The Week My Eyes Were Opened - My Family Travels

July 15, 2012. 3:00 a.m., my alarm sounded. My tired body was quickly energized when I remembered that the day set before me was the beginning of a journey like nothing I had embarked upon before.

I reached Austin Bergstrom International Airport at 4:00 a.m. where I met up with the rest of my team from my church. We were setting off on a trip to Cuba where we would be visiting a high school discipleship camp and connecting personally with high school believers in a world completely unlike our own. 


Due to regulations brought about by Cuba’s communist government, my church found it safer to fly though Cancun, Mexico, to Cuba rather than the alternative route through Miami. While Christianity is in some respects tolerated in Cuba, we were told to keep the details of our trip undisclosed as we traveled though Houston and Cancun – which only served as a reminder of the uniqueness of the opportunity my team and I had.

Twenty hours later my team arrived in Havana. The next day was filed with disillusionment and culture shock as my team was led about the streets of Havana by a native Cuban connected with our ministry. Havana was a city that appeared to me as though it had been frozen in a state of stagnant existence since the 1950s, with the only measure of the years that had since elapsed being the amount of deterioration overriding the architectural magnificence of the diminishingly vibrant stucco buildings lining every street.  A place like Cuba, isolated geographically by oceans, but more significantly isolated diplomatically by a history of soured relations and trade embargos, was foreign to me living in a world previously presented to me as full of progress and innovation.

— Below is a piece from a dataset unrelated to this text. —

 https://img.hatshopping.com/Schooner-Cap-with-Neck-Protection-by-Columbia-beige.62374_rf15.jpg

Nothing in my encounters in Cuba struck me as familiar to the life I lived back in the U.S., and for that reason the experience was one I’d trade for no other. The remainder of my week in Cuba was spent in a poor village outside of Santa Clara, where the predictable daily routine I had so tightly clung to in the U.S. was a faint memory of the past. 

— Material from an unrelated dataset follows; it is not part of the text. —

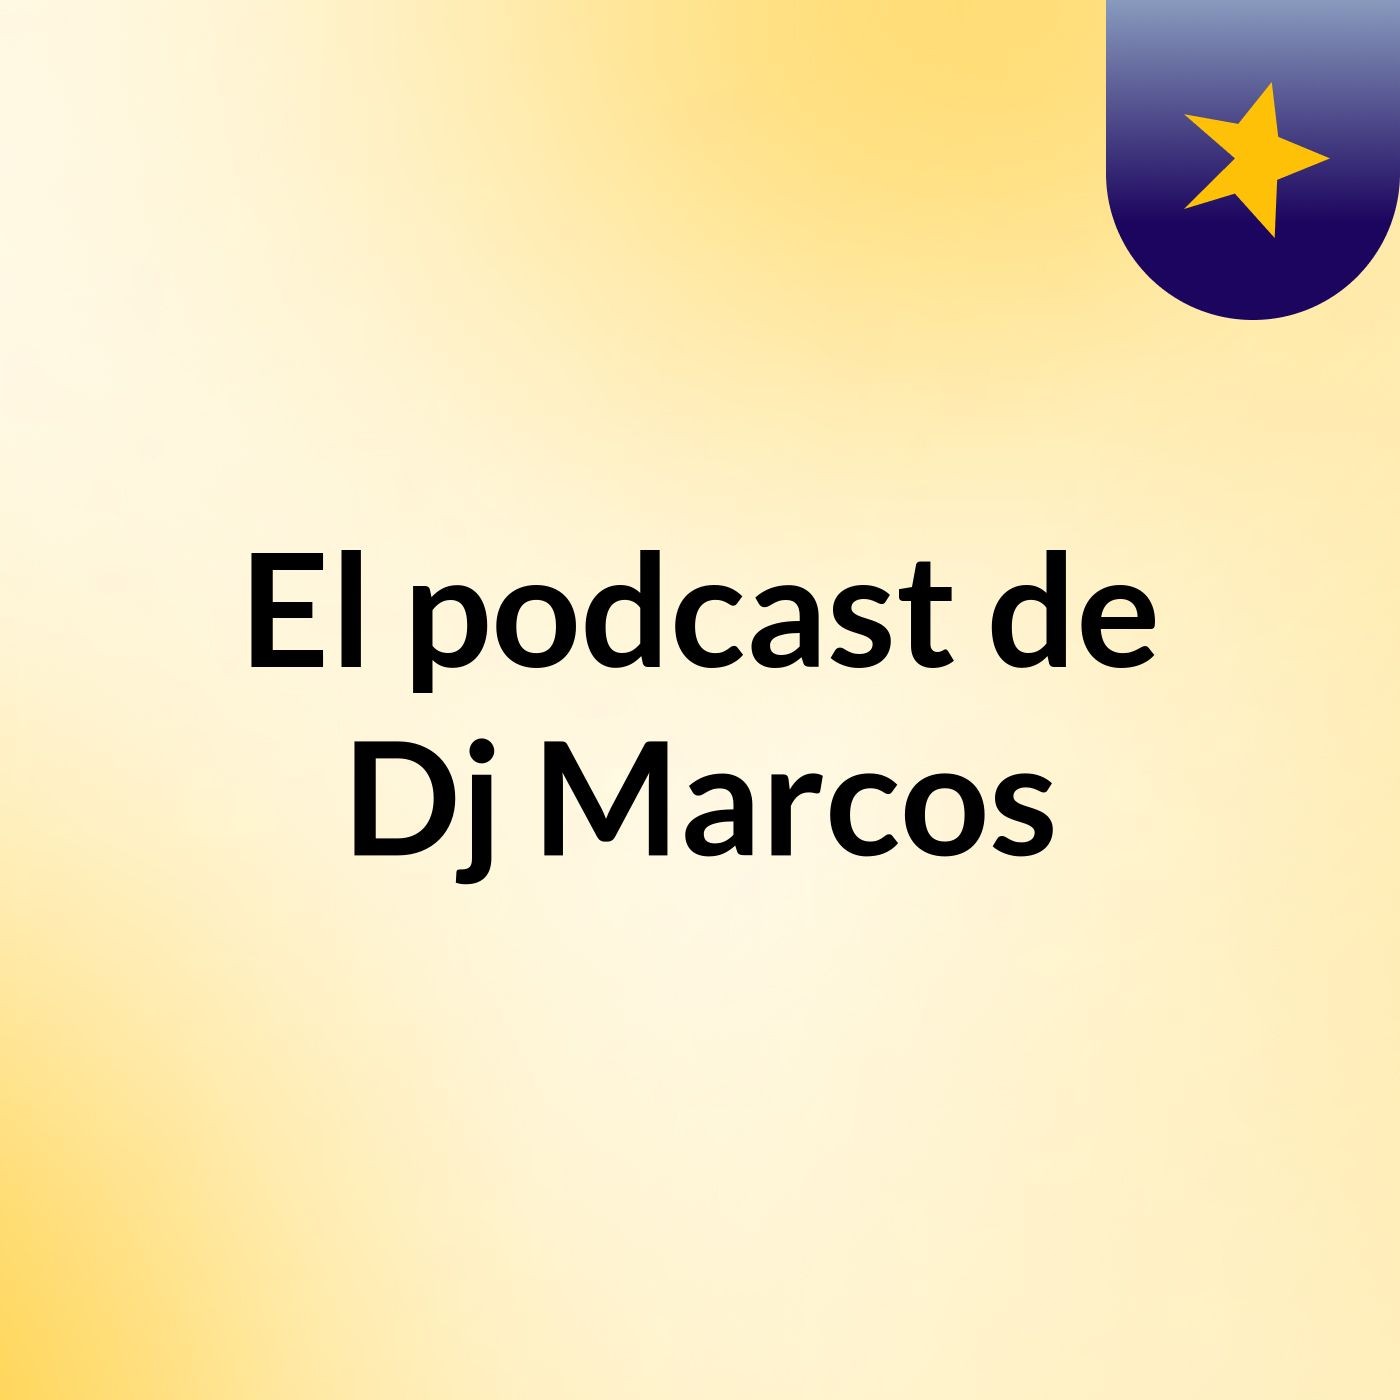 El podcast de Dj Marcos

My new existence at the camp consisted of early mornings, washing dishes, peeling malangas, camp gatherings, and late nights.  But most predominately and what sustained me through it all, the week was marked with experiences that altered my outlook and perception of cultures unlike my own.  For the first time I understood that geographical separation, cultural differences, or language barriers were not able to hinder me from relating to and connecting with other people. In fact, sharing a common faith was enough to bring about an at times unspoken, deep friendship between myself and the Cubans as we engaged in conversations or sung worship songs together.  

It took an experience, one in which I was fully immersed in circumstances and an environment outside the reach of the daily schedules and normalcies that I had so heavily clung to in the U.S., to shatter my false perception that cultural differences were powerful enough to separate and divide.

With the close of the week came the end of our journey, but as my team headed back to Havana and ultimately back to Austin, I knew that this week would leave a legacy in the timeline of my life. I would forever carry the new outlook I accredited to the trip I took to Cuba when I was a somewhat ignorant yet eager teenager.